Quando l’ex presidente cinese Jiang Zemin venne proiettato inaspettatamente da Shanghai ai vertici del potere, non conosceva gli oscuri meccanismi di Pechino e ne era naturalmente spaventato. Per un paio di anni cercò di destreggiarsi alla meno peggio fin quando trovò aiuto improvviso in Zeng Qinghong.
Figlio dell’aristocrazia rossa ma anche con un’esperienza da scugnizzo (i suoi lo abbandonarono per alcuni anni alla strada nella fuga da nazionalisti e giapponesi), addentro alle macchinazioni dei corridoi di Zhongnanhai, la Casa Bianca cinese, Zeng per anni fu il risolutore dei problemi impossibili. Molti ritengono che la resistenza al potere di Jiang si deve forse per metà all’abilità manovriera di Zeng.
Il premier Matteo Renzi forse ha oggi trovato il suo Zeng Qinghong. In pochi giorni, senza complicate manovre parlamentari o di partito, senza apocalittiche contrapposizioni di schieramenti, Renzi ha risolto due problemi che lo assillavano e che parevano impossibili.

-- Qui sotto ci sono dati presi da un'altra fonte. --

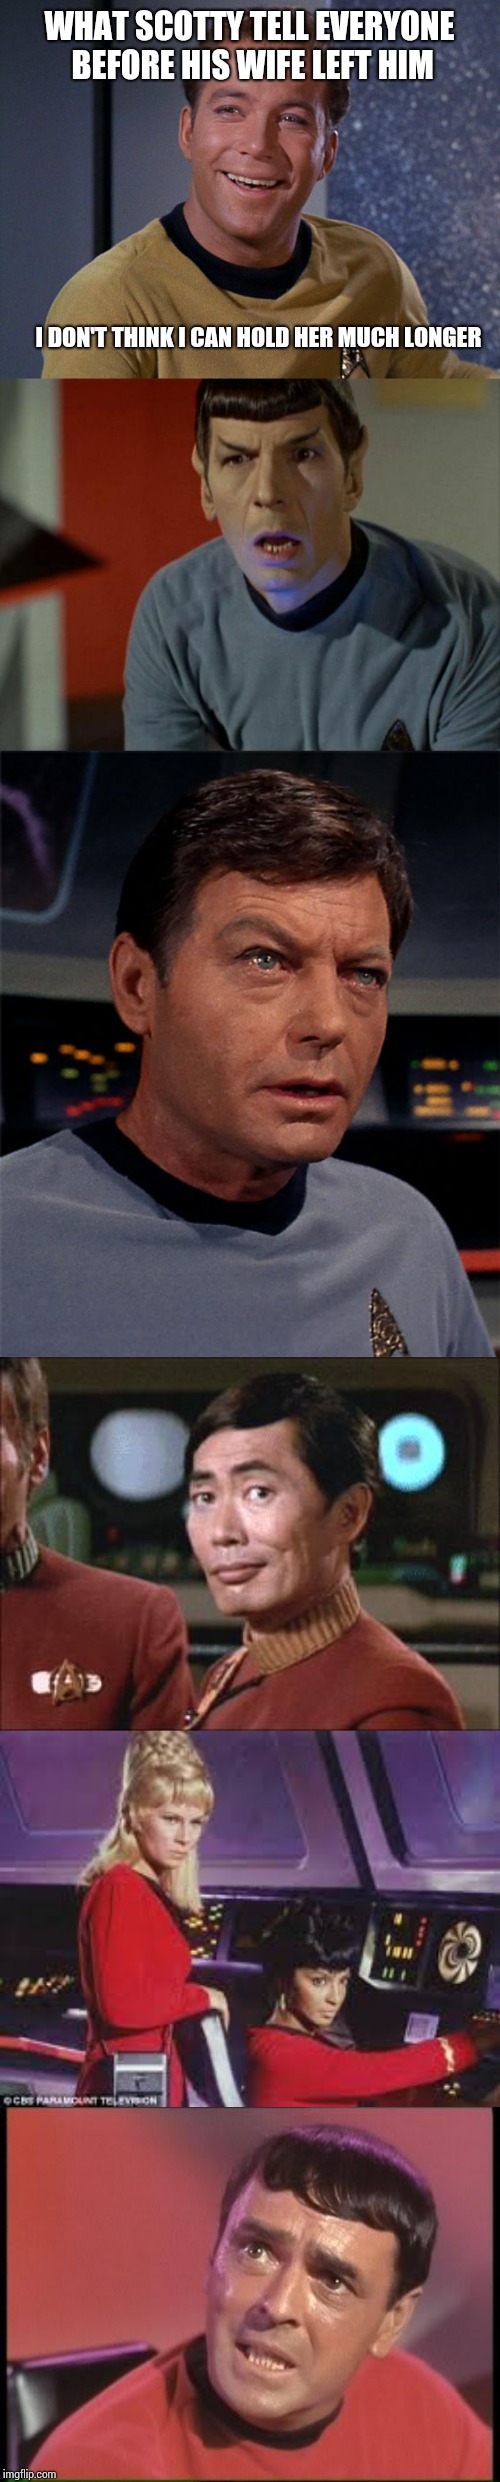 WHAT SCOTTY TELL EVERYONE BEFORE HIS WIFE LEFT HIM; I DON'T THINK I CAN HOLD HER MUCH LONGER | image tagged in sulu oh my,shocked spock,scotty,bones mccoy,kirk,star trek jealous babes | made w/ Imgflip meme maker

Ha “domato” l’opposizione di Rai3, apparendo poi anche “buono”, conciliante, tollerante; e ha eliminato l’imbarazzo ormai quotidiano causato dal sindaco di Roma Ignazio Marino, che di fatto si è dimesso (“non ci ripenso”, ha annunciato).
Dietro entrambi i successi c’è un deputato finora oscuro ma con lunga esperienza romana, Michele Anzaldi.
Anzaldi nelle settimane scorse ha espresso quello che nessuno tra i renziani osava dire: che appunto la terza rete Rai era paradossalmente (visto che le strette norme della divisione del potere tv la assegnano al Pd) il bastione dell’opposizione al Pd. Ciò ha seminato il panico, ma ha anche steso un tappeto rosso per il premier che si è così presentato da paciere.
Su Marino, precipitato in un circolo vizioso di gaffes, piccole bugie, assenze, Anzaldi era stato il primo a dare l’allarme, ed è stato anche quello che tagliando le mille obiezioni interne ha dato il colpo finale. Ciò in realtà elimina un problema che se si fosse trascinato ancora più a lungo avrebbe potuto rovinare l’anno santo (che inizia l’8 dicembre) e affossare Renzi.
Questa presenza però prova anche due cose. Da un lato intorno al premier non ci sono persone in grado di manovrare nel palazzo senza andare allo scontro duro e puro a colpi di maggioranza parlamentare o di partito. Troppo faticoso per risultati che vanno a diminuire ed è un rischio di logoramento immenso per il premier. Gli ignavi “yes men” del premier gli sono quindi più di danno che di aiuto.
D’altro canto dimostra che l’Italia e il mondo hanno metodi più sottili e innocui per portare a casa risultati maggiori, basta conoscerli e saperli usare. Questi però non si imparano in un istante e soprattutto, se Renzi è bravo, non lo sono i suoi vicinissimi.
Il problema per il premier è: basterà un solo Anzaldi a rendergli più facile la vita? Né può fidarsi dei Verdini o degli altri transfughi solo affamati di potere e contorni. Senza uomini come Anzaldi la sola aperta furia devastatrice di Renzi in parlamento potrebbe condannarlo.